Solving inequalities involves finding all the values of a variable that satisfy a given condition. In this exercise, we have two absolute value inequalities to work with.

• The first inequality \( |x - 5| \leq 3 \) represents how close or far \(x \) can be from 5, ensuring the maximum distance is 3 units. We break this into \( x - 5 \leq 3 \) and \( x - 5 \geq -3 \), leading us to the solution \( 2 \leq x \leq 8 \).
• The second inequality \( |x + 10| \geq 6 \) describes a situation where \(x \) must be at least 6 units from -10. Dividing it gives two inequalities: \( x + 10 \geq 6 \) and \( x + 10 \leq -6 \), resulting in \( x \geq -4 \) or \( x \leq -16 \).

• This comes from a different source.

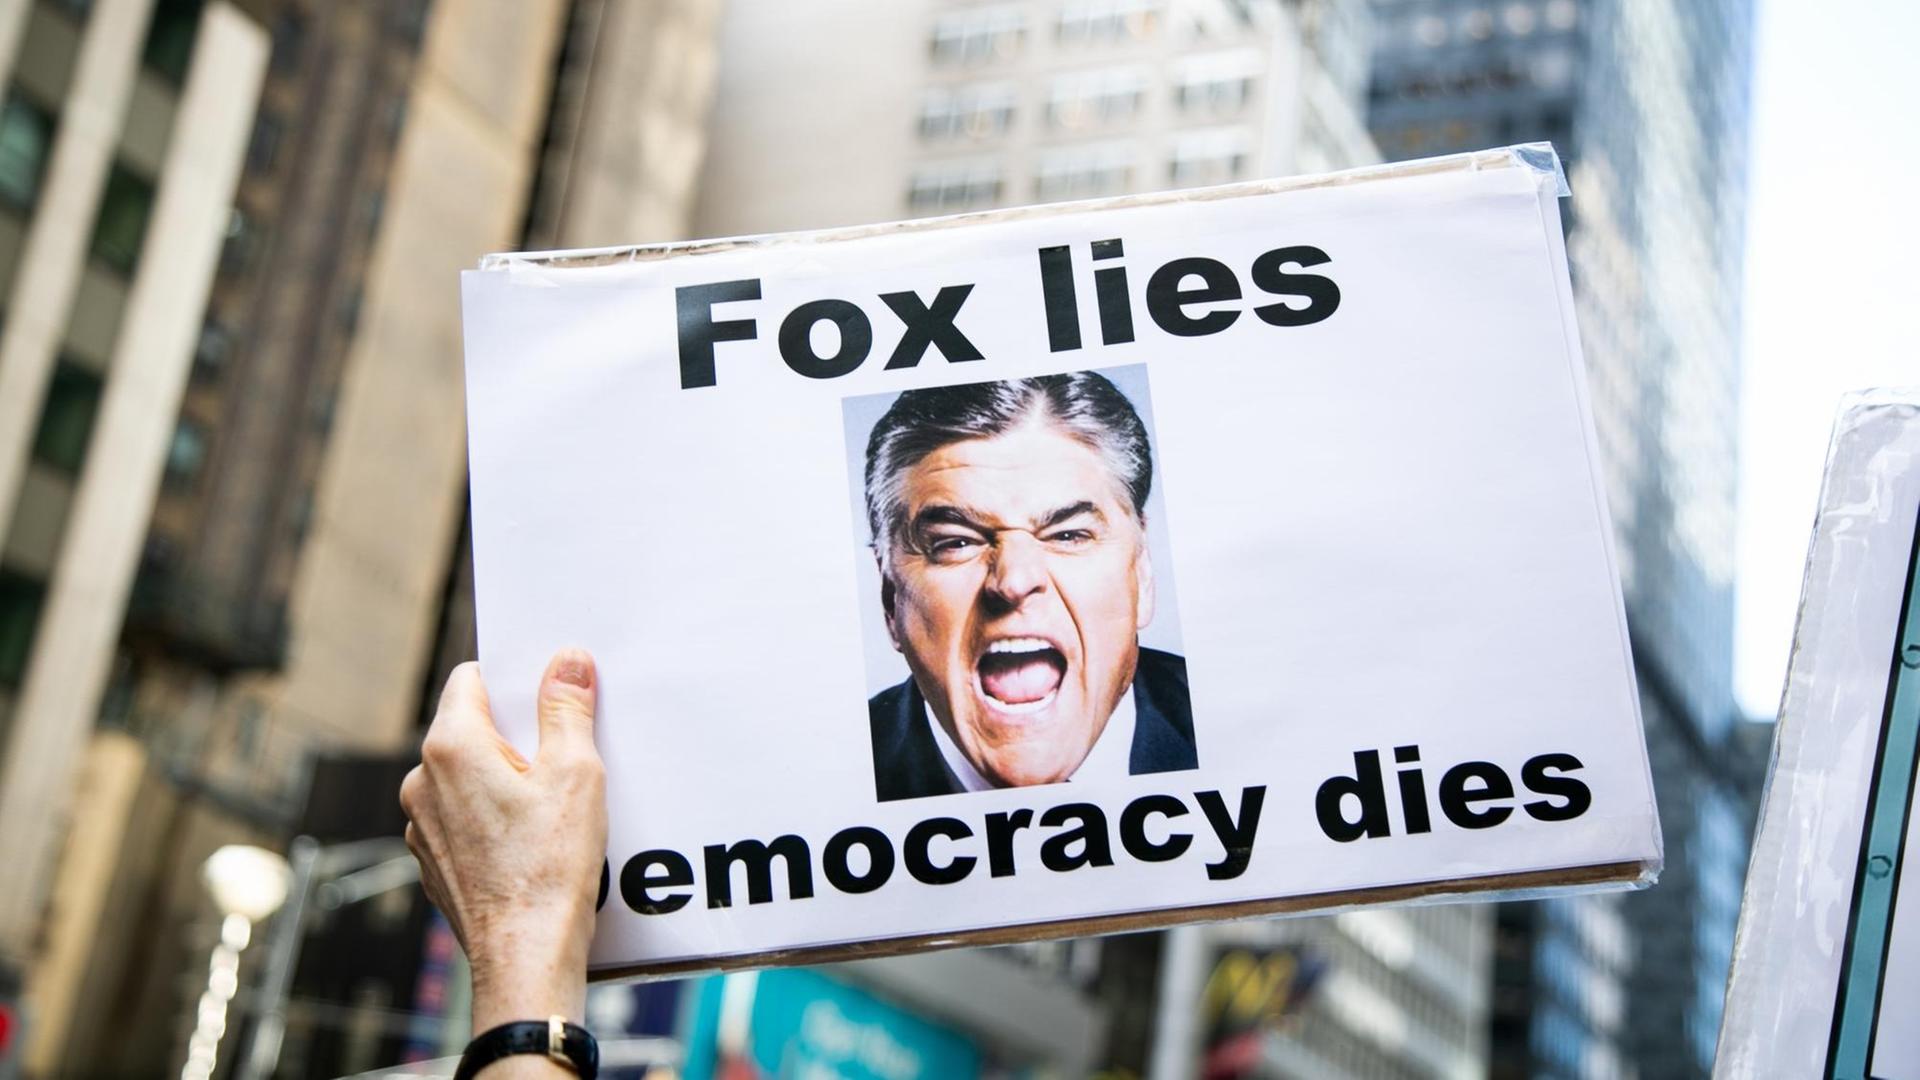 Eine Demonstrantin hält ein Schild mit der Aufrschrift "Fox lies, democracy dies".
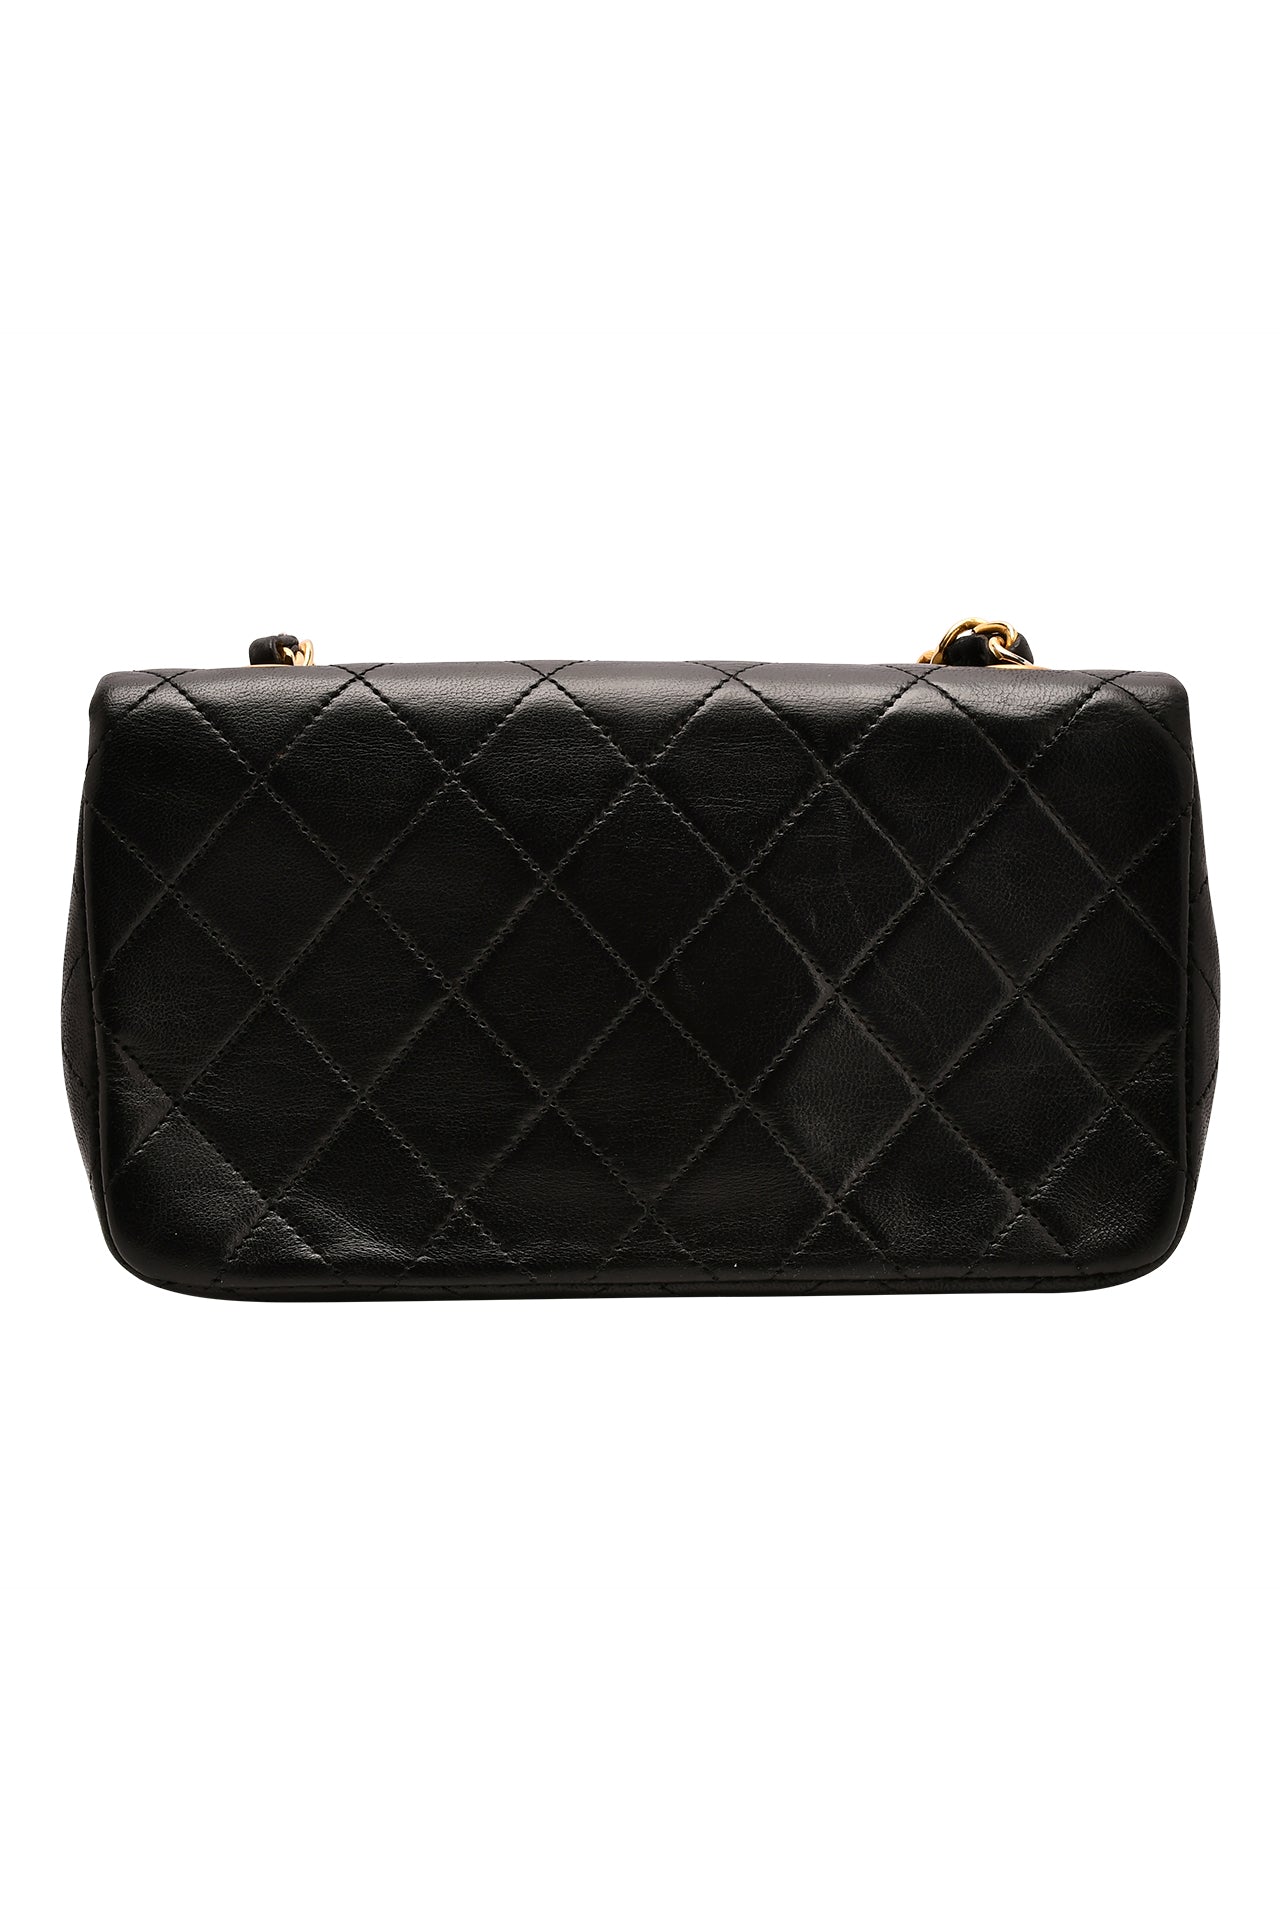 Chanel Black Leather Shoulder Flap Bag

Through these steps, we develop a system of inequalities, which helps to narrow down the possible values of \(x \). The process involves breaking down absolute values and solving linear inequalities typically requiring simple algebraic manipulations.

Understanding how to find the intersection of ranges is essential in inequality problems. It builds on separately solved inequalities.

• From step one, the range \( [2, 8] \) is derived from the first inequality.
• The second range \( (-\infty, -16] \cup [-4, +\infty) \) comes from the second inequality.

To identify the intersection, we look for common \(x \) values within these ranges. Specifically, we need to see where these two conditions overlap.
By carefully overlaying these ranges, it's clear that \[ -4, 2 \] satisfies both. The intersection represents the set of all potential solutions that meet every condition in the problem. Visualizing ranges on a number line can simplify this process, making it more intuitive to detect overlaps.

In algebra, the concept of distance can transform into numeric conditions we solve through inequalities. The basic principle is to express how far one number is from another using absolute values.
In the context of this exercise:

• The expression \( |x - 5| \) translates to the distance between \(x \) and 5 on a number line. An inequality like \( |x - 5| \leq 3 \) indicates \(x \) is at most 3 units away.
• Similarly, \( |x + 10| \) describes how far \(x \) is from -10, with \( |x + 10| \geq 6 \) implying at least a 6-unit distance.

This method allows algebraic representations of distance to be converted into solvable mathematical problems. By comparing these distance expressions, we create conditions that describe the relationship between a variable and fixed values. This provides a deeper understanding of physical distances and how they're captured in equations.